• [INFORMATION PROVIDED]:
*-*-*

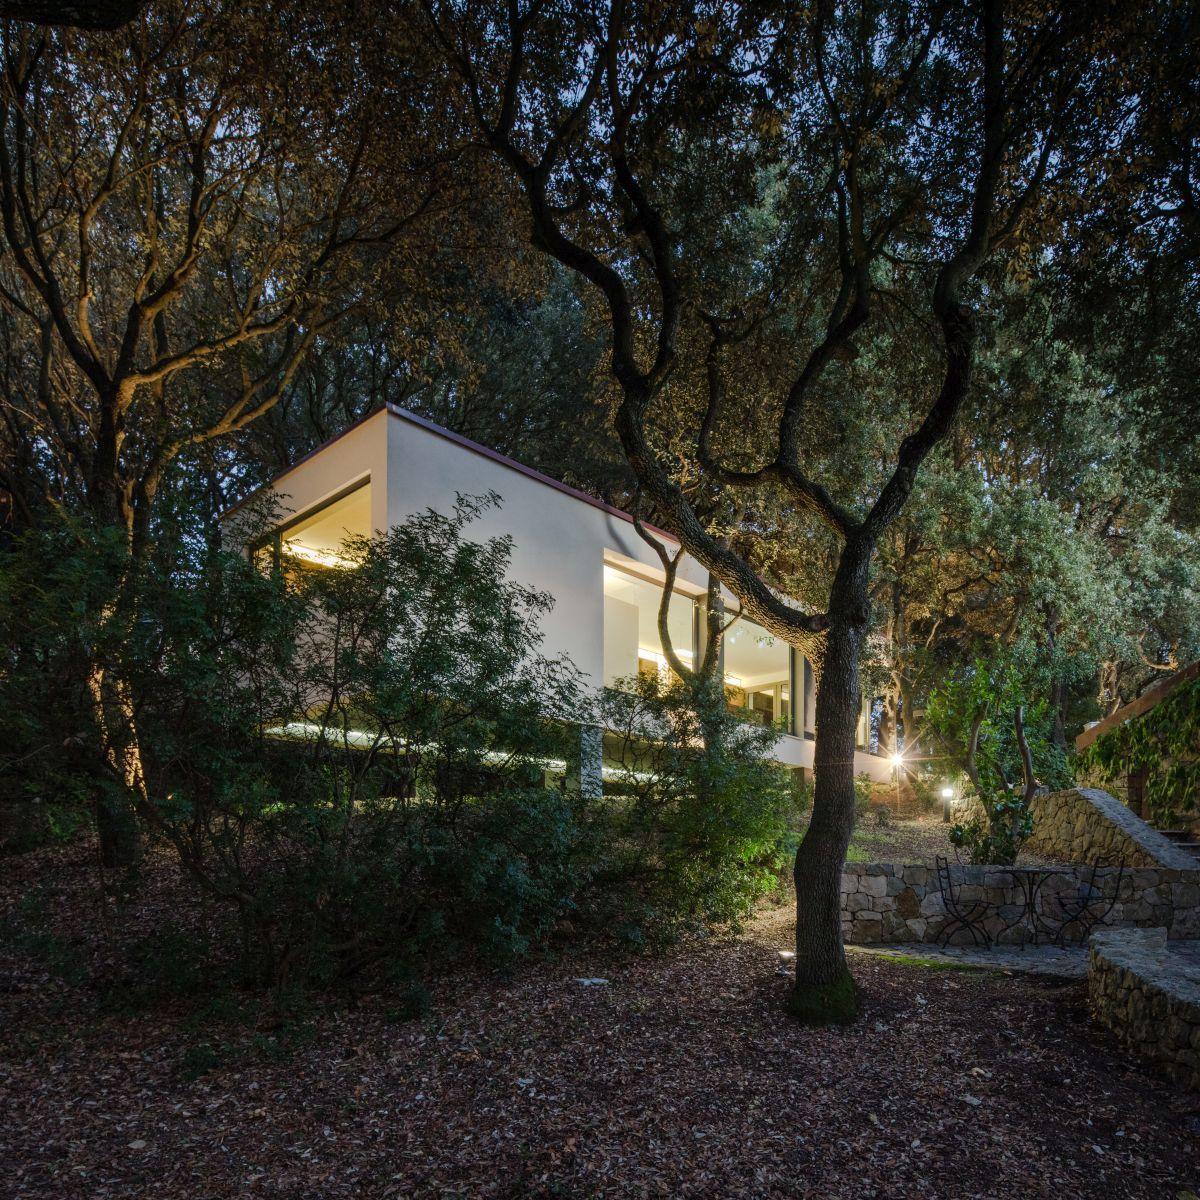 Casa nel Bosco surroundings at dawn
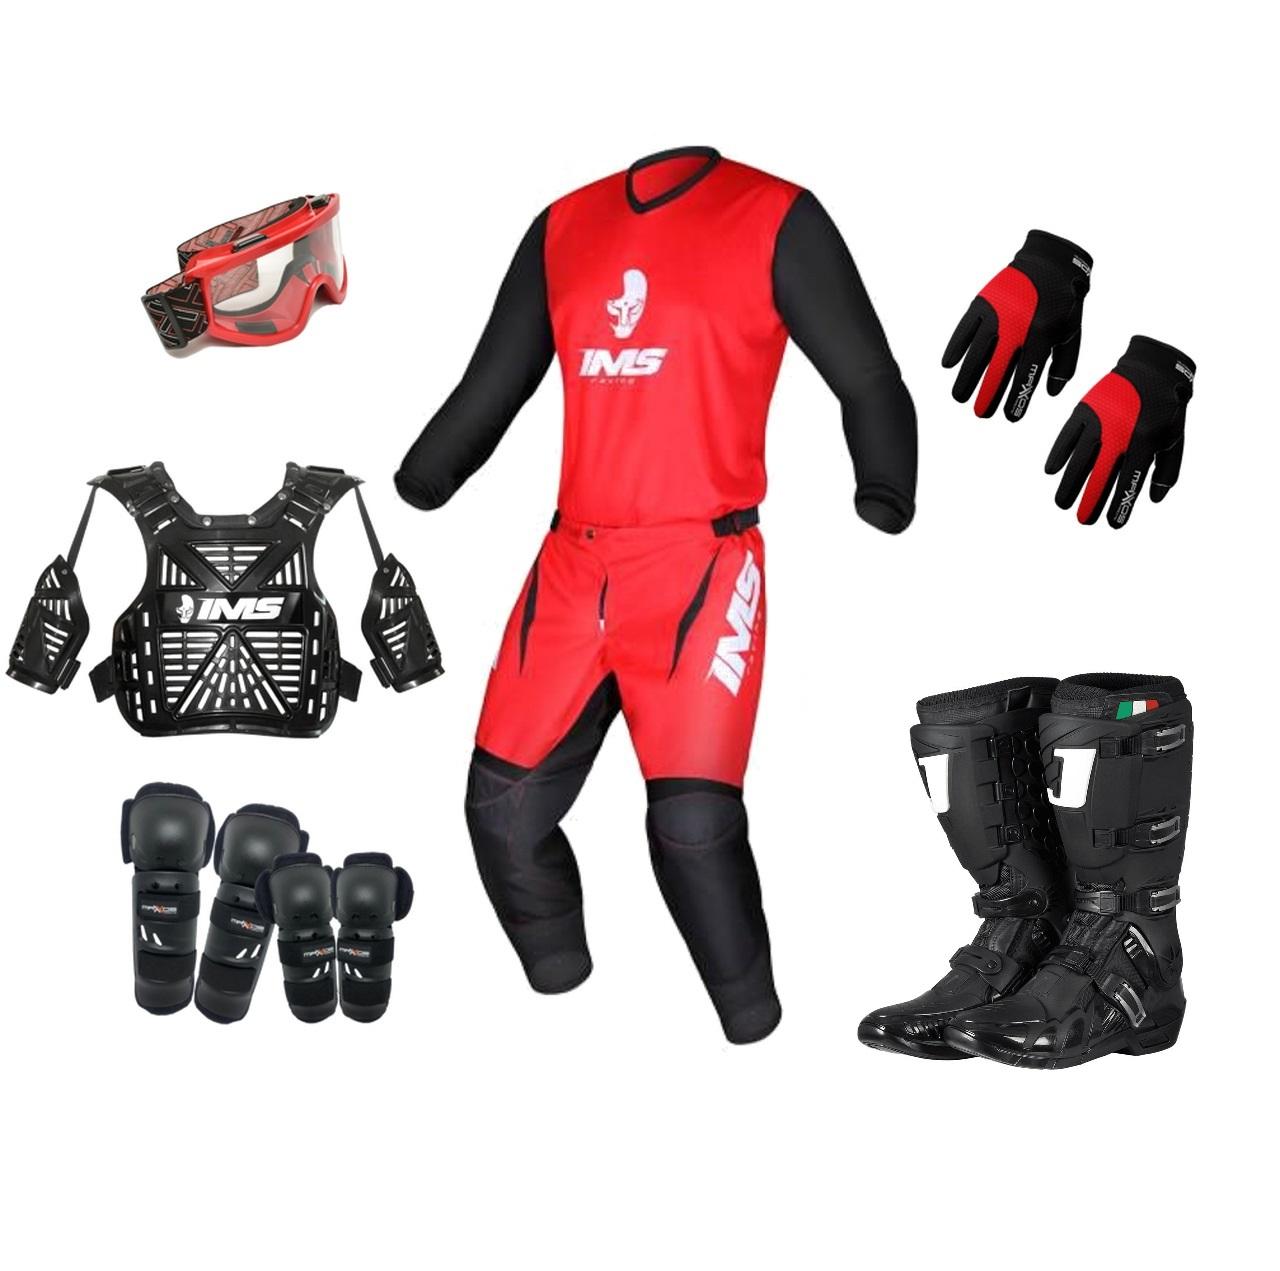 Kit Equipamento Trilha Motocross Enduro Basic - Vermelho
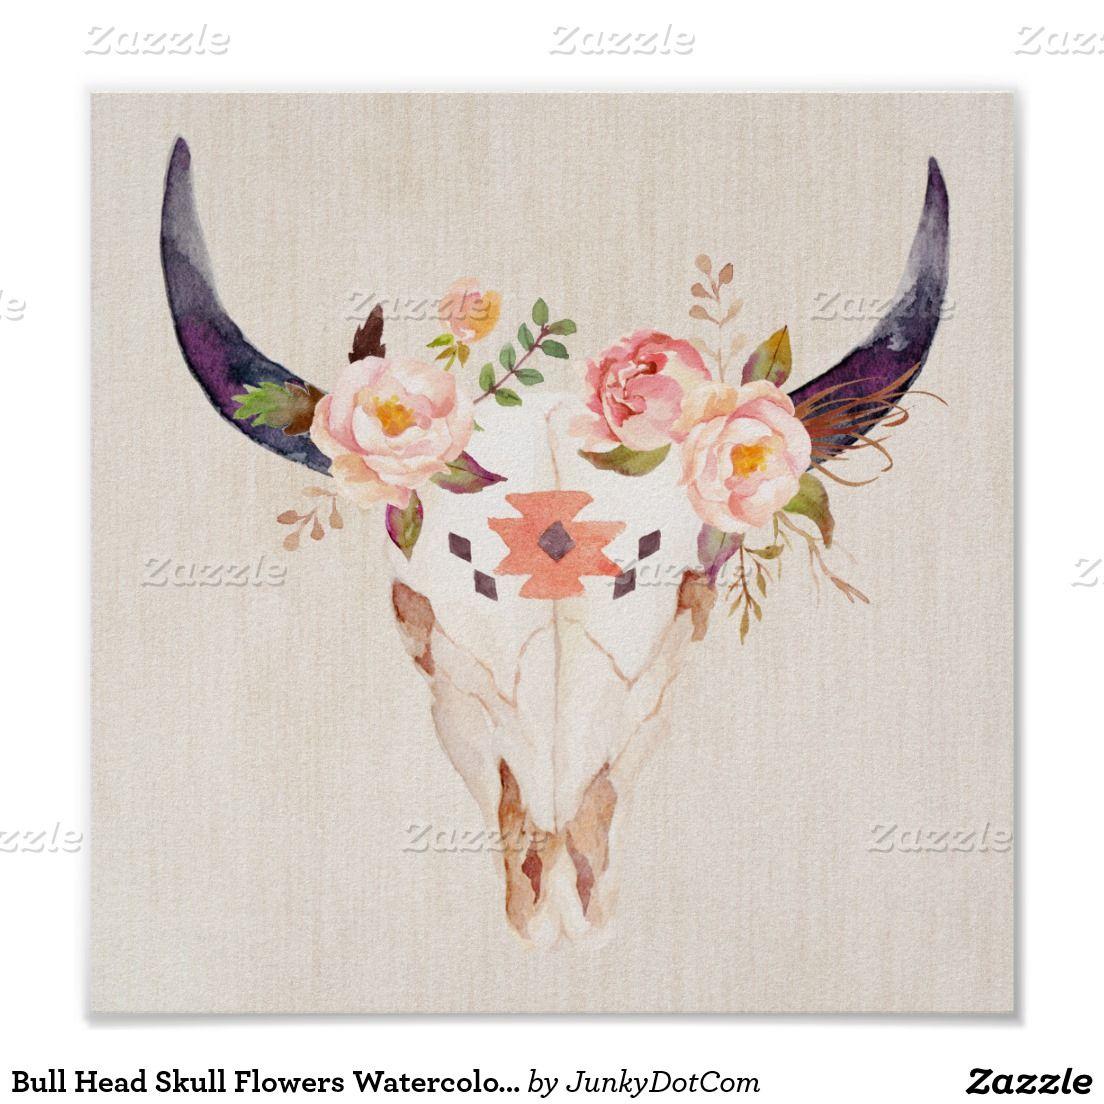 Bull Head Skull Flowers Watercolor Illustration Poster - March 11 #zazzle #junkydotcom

*-*-*

• [YOUR TASK]: Nothing but the listing, copied exactly and stripped of its images, should appear in the response.

• [SOLUTION TO THIS EXERCISE]:
 Casa nel Bosco surroundings at dawn
 Kit Equipamento Trilha Motocross Enduro Basic - Vermelho
 Bull Head Skull Flowers Watercolor Illustration Poster - March 11 #zazzle #junkydotcom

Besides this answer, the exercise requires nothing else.